One last technique to be aware of is the W3C DOM TreeWalker object, which is available in Netscape 7 and later (but not in IE as of Version 6). The TreeWalker object is a live, hierarchical list of nodes that meet criteria defined by the document.createTreeWalker( ) method. The list assumes the same parent-descendant hierarchy for its items as the nodes to which its items point. The createTreeWalker( ) method describes the node where the list begins and which nodes (or classes of nodes) are exempt from the list by way of filtering.

The TreeWalker object maintains a kind of pointer inside the list (so that your scripts don't have to). Methods of this object let scripts access the next or previous node (or sibling, child, or parent node) in the list, while moving the pointer in the direction indicated by the method you chose. If scripts modify the document tree after the TreeWalker is created, changes to the document tree are automatically reflected in the sequence of nodes in the TreeWalker.
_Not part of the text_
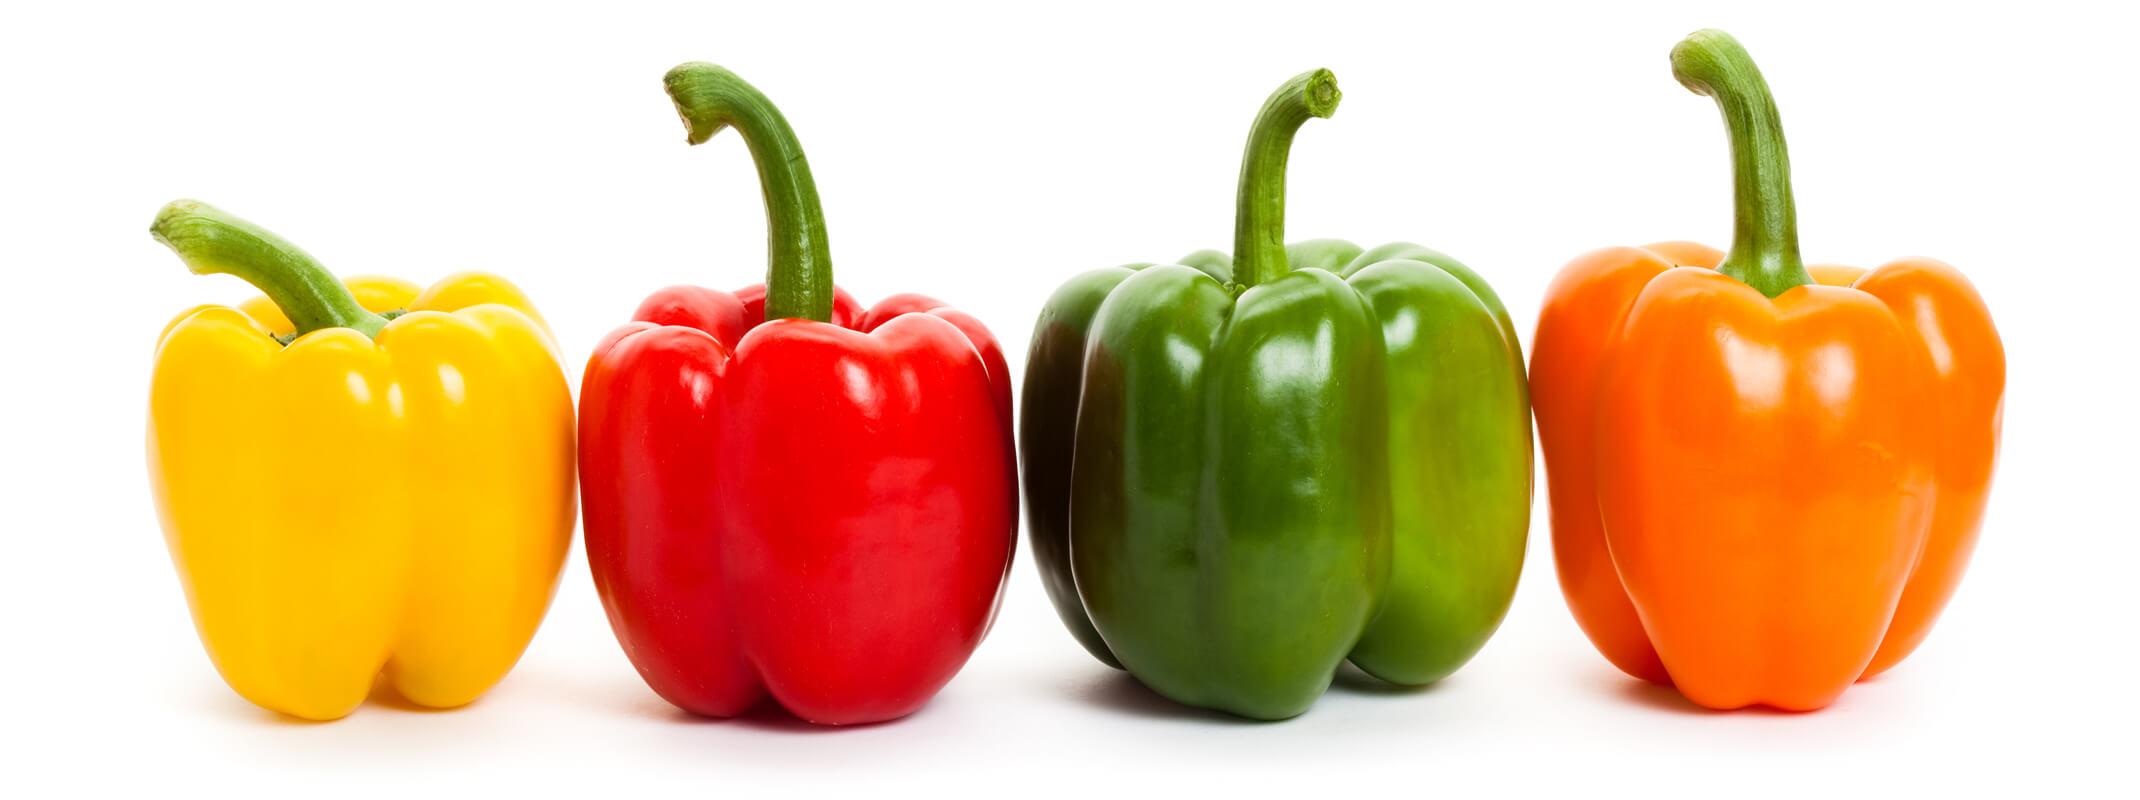 4 different colors of bell peppers, yellow, red, green and orange

While fully usable in an HTML document, the TreeWalker can be even more valuable when working with an XML data document. For example, the W3C DOM does not provide a quick way to access all elements that have a particular attribute name (something that the XPath standard can do easily on the server). But you can define a TreeWalker to point only to nodes that have the desired attribute and quickly access those nodes sequentially (i.e., without having to script more laborious looping through all nodes in search of the desired elements). For example, the following filter function allows only those nodes that contain the author attribute to be a member of a TreeWalker object:

function authorAttrFilter(node) {
    if (node.hasAttribute("author")) {
        return NodeFilter.FILTER_ACCEPT;        
    }
    return NodeFilter.FILTER_SKIP;
}

A reference to this function becomes one of the parameters to a createTreeWalker( ) method that also limits the list to element nodes:

var authorsOnly = document.createTreeWalker(document, NodeFilter.SHOW_ELEMENT, 
                  authorAttrFilter, false);

You can then invoke TreeWalker object methods to obtain a reference to one of the nodes in the list. When you invoke the method, the TreeWalker object applies the filter to candidates relative to the current position of the internal pointer in the direction indicated by the method. The next document tree node to meet the method and filter criteria is returned. Once you have that node reference, you can access any DOM node property or method to work with the node, independent of the items in the TreeWalker list.

14.17.4 See Also

Recipe 1.1 for concatenating string segments to build long strings.